Implementation of the coatings and comparison with competing processes
Laser coating of grey cast iron brake discs neither requires changes to the base material nor to the processes used to manufacture it. However, the cast iron components which generally only have limited durability, are enhanced by a hard material coating. This coating combines long-term corrosion protection with equally lasting abrasion protection. Competing processes cannot achieve this. Thermal spraying for example, guarantees high wear protection but only limited corrosion protection.
Fig 1: Cross-section of a grey cast iron brake disc with corrosion-protective buffer layer and carbide-containing top layer.
Thermal spray coatings have a high carbide content and are therefore susceptible to cracking, which promotes moisture penetration. Nitriding on the other hand does indeed provide combined corrosion and wear protection, but only for a limited time.
In laser coatings, corrosion and wear protection are combined in a two-layer coating structure. First a buffer layer (usually stainless steel) is applied. On top of this buffer layer, a second layer with carbide content – which is individually determined – is then built up, which ensures a high level of wear protection (Fig 1).

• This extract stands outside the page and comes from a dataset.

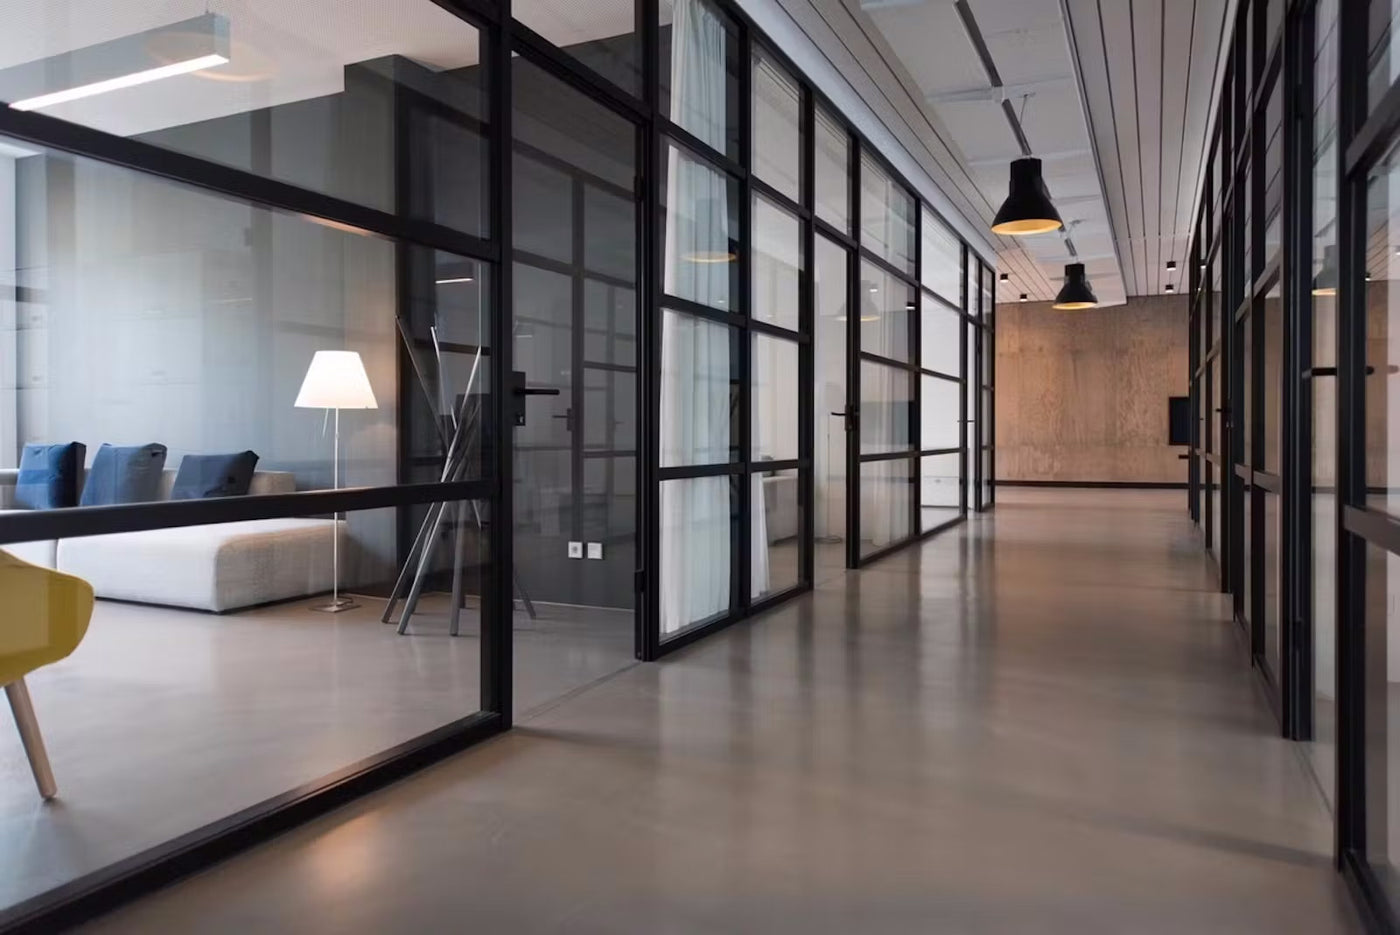 An office building hallway with glass walls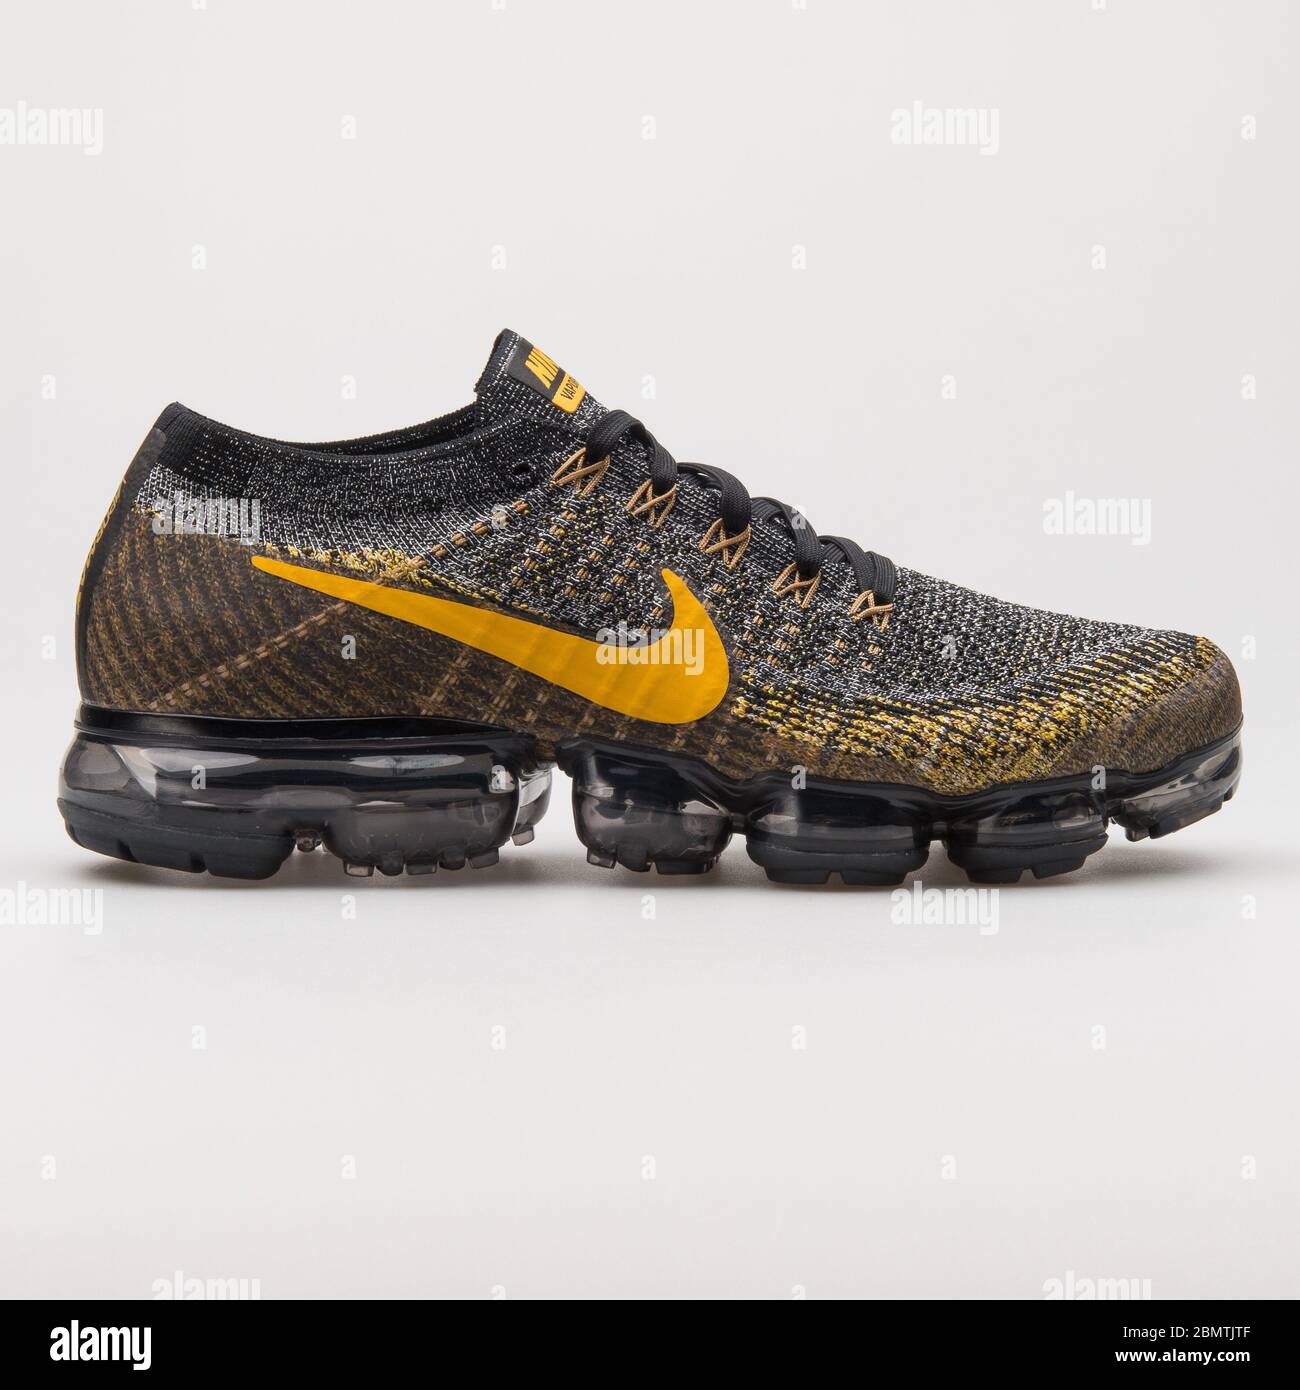 VIENNA, AUSTRIA - FEBRUARY 19, 2018: Nike Air Vapormax Flyknit black, grey  and gold sneaker on white background Stock Photo - Alamy

The specific material composition can be varied according to customer requirements. High or low carbide contents are possible, so are different materials. Nowadays, tungsten carbide and titanium carbide are frequently used. Thanks to recent developments, the combination of corrosion and wear protectant can also be achieved with single layer coatings in some cases. Moreover, it is possible to use carbide forming materials; the carbide is being built up while the powder is fused onto the brake disc.
High Speed Procedures for Exceptionally Economical Processes
In order to achieve exceptionally economical coating processes, brake discs are mostly laser coated using high speed processes. In these processes, a fusion via metallurgical bond is created between the coating powder and base material. The base material is subjected to exceptionally small amounts of stress. In fact, due to the high process speed, high laser powers can be utilized without causing significant component distortion. This approach ultimately makes it possible to produce very thin coatings starting at approximately 50 µm per layer. In contrast, conventional laser coatings usually have layer thickness of between 500 and 1000 µm.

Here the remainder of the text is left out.